YOUR GOAL:
Reproduce, word for word, the lines in the material below starting with the one that has "Coppia giovane ridendo Immagini Stock" and going on through the one that has "Fantabulosa2018-Luanco". Leave out all pictures.

TASK INPUT:

_ _ _ _

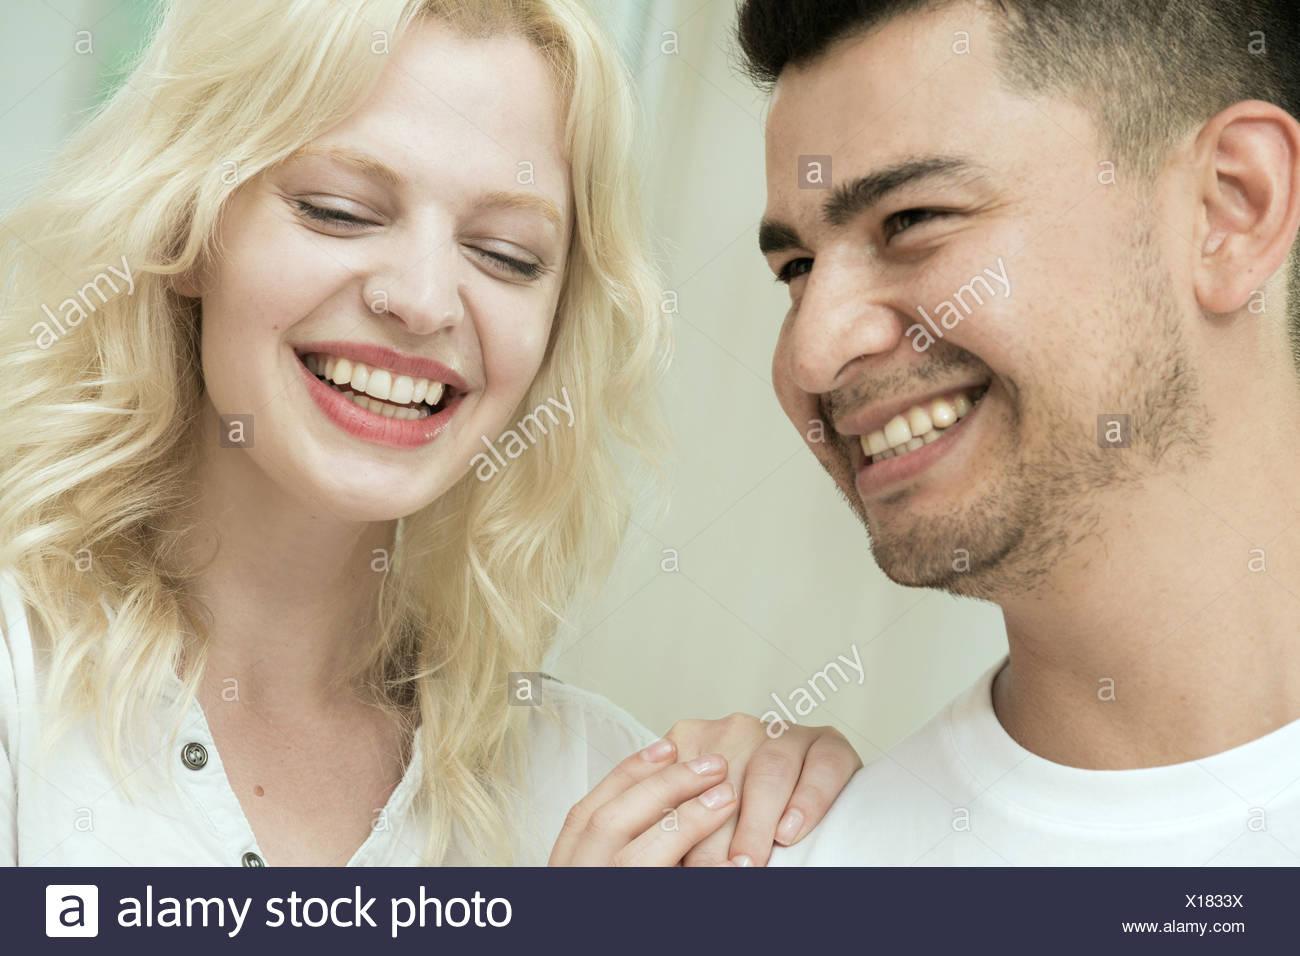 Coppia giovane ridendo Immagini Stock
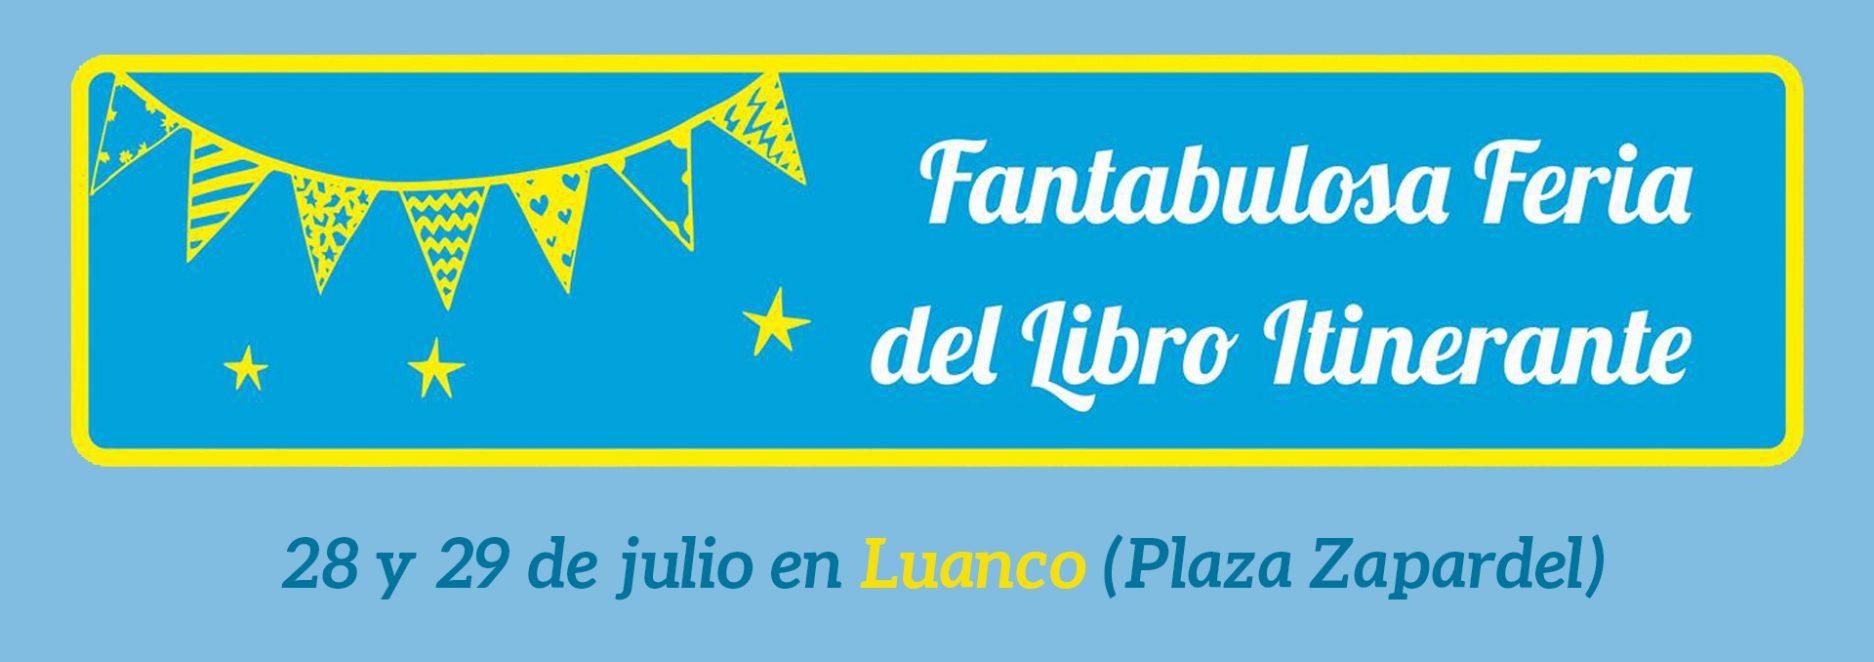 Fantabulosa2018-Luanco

_ _ _ _

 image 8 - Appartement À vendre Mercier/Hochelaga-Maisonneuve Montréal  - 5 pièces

_ _ _ _

RESPONSE BELOW:
 Coppia giovane ridendo Immagini Stock
 Fantabulosa2018-Luanco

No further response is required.